Work to complete » Leaving out pictures, output exactly the lines below from the one that has "Fiéis fazem fila" through the one that has "Riassunto esame Diritto", and nothing else.

Supplied records »
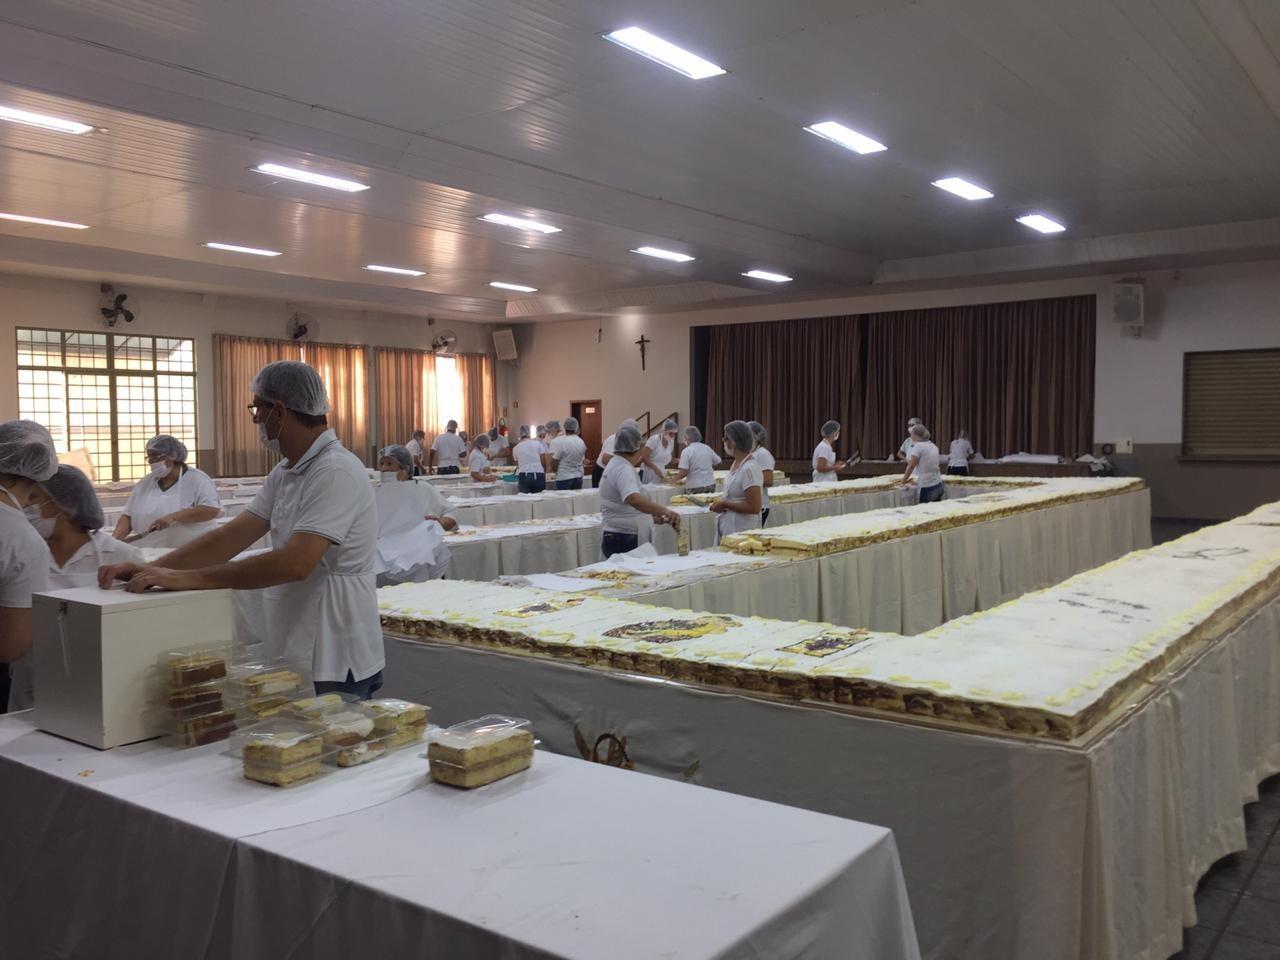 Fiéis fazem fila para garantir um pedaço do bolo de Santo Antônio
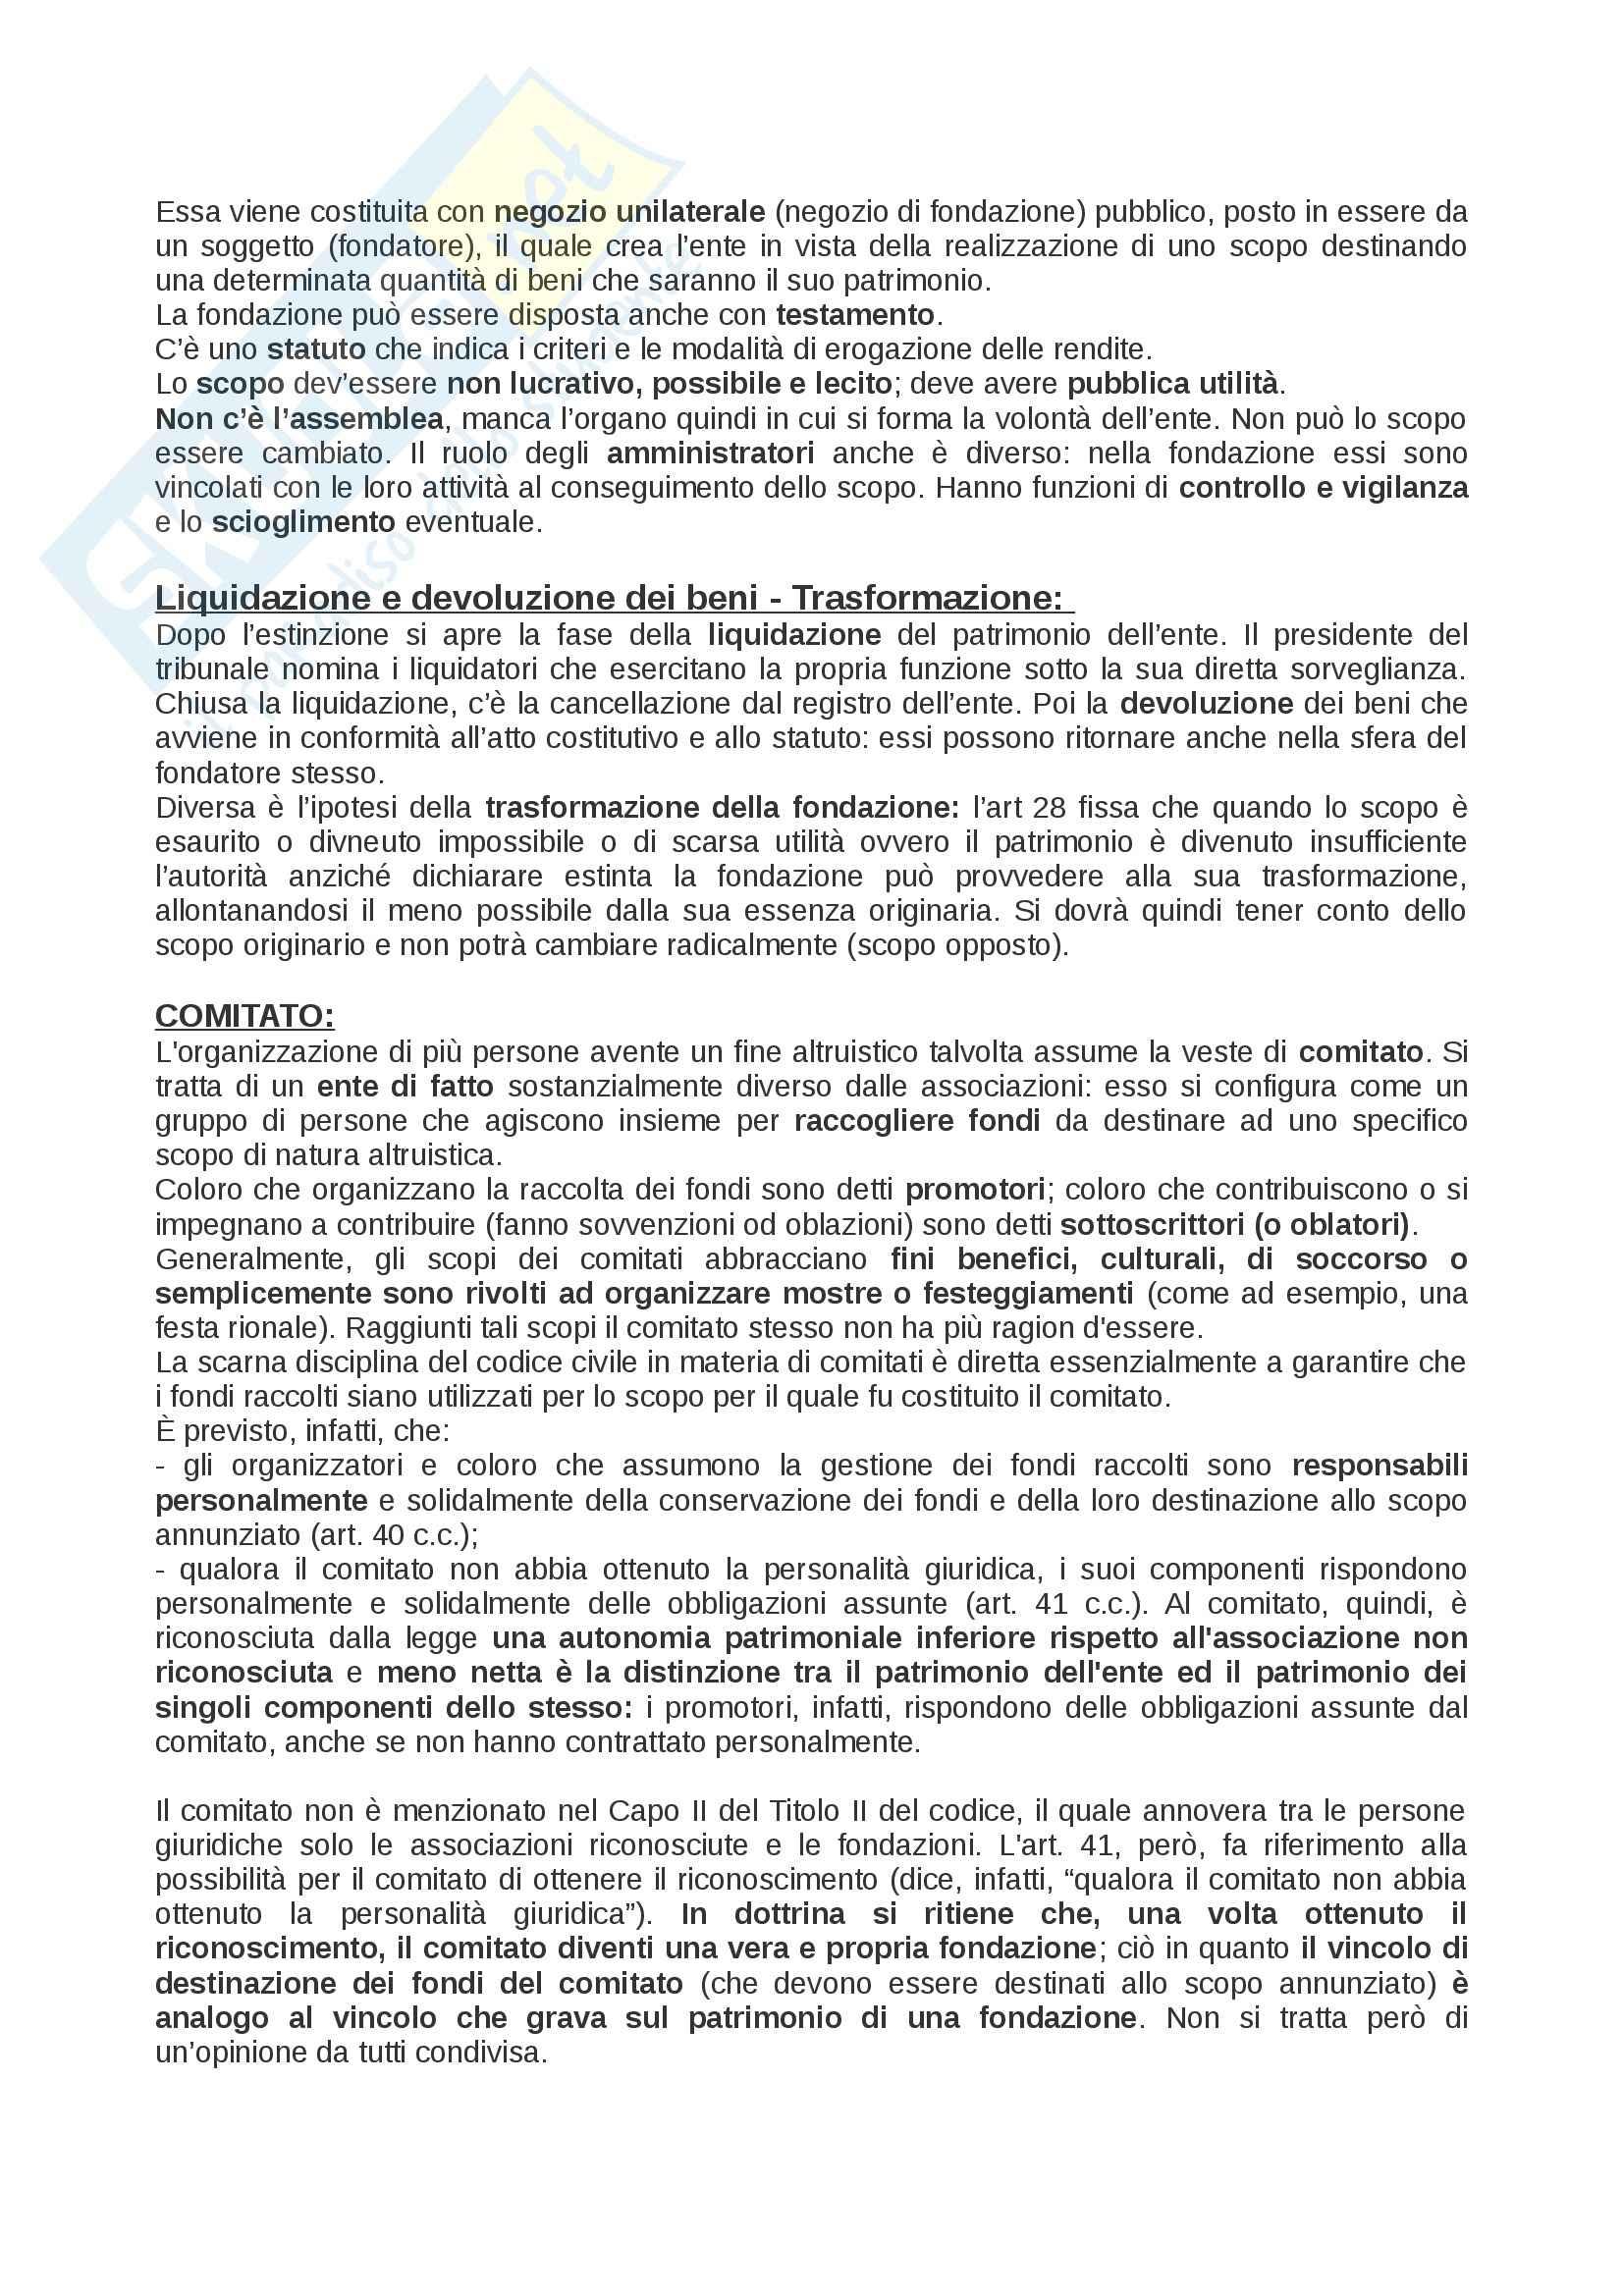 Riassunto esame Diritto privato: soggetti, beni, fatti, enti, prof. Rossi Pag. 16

==

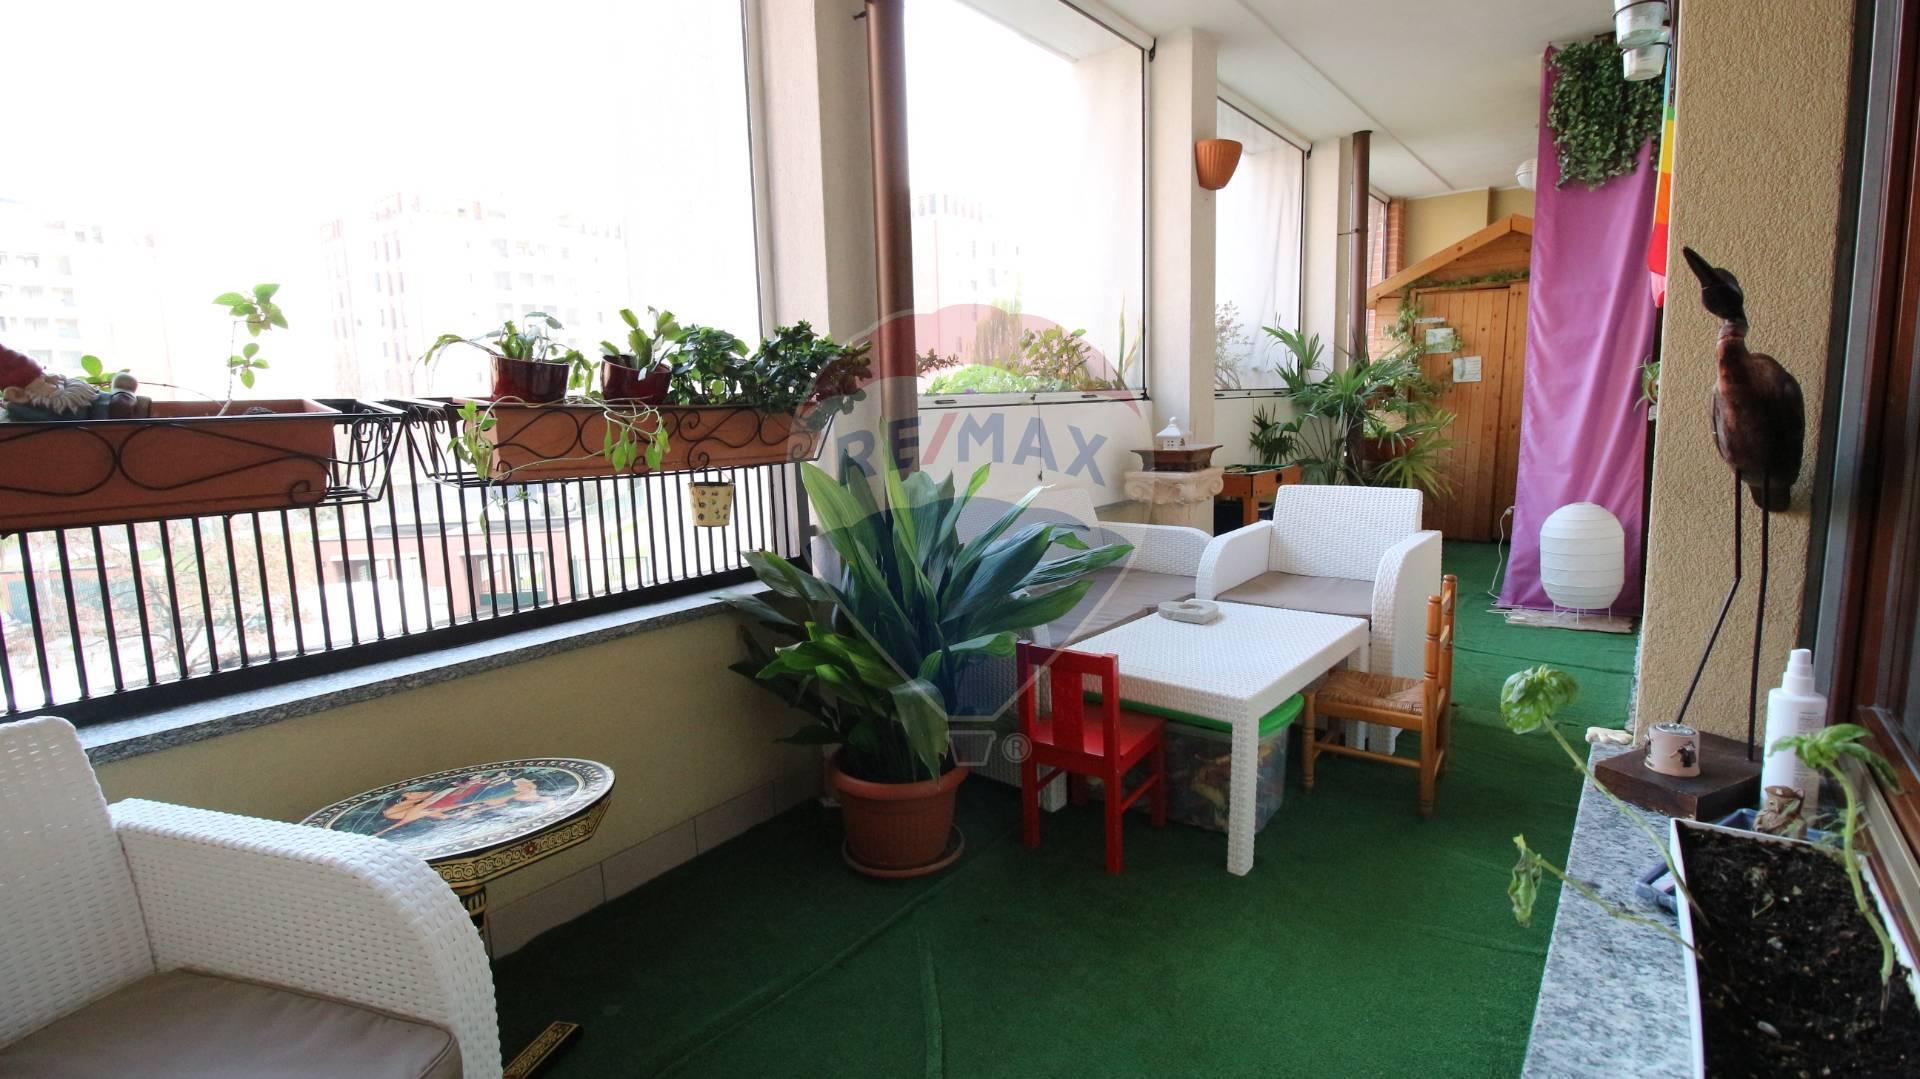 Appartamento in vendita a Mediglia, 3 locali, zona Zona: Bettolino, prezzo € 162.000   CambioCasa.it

Answer area »
 Fiéis fazem fila para garantir um pedaço do bolo de Santo Antônio
 Riassunto esame Diritto privato: soggetti, beni, fatti, enti, prof. Rossi Pag. 16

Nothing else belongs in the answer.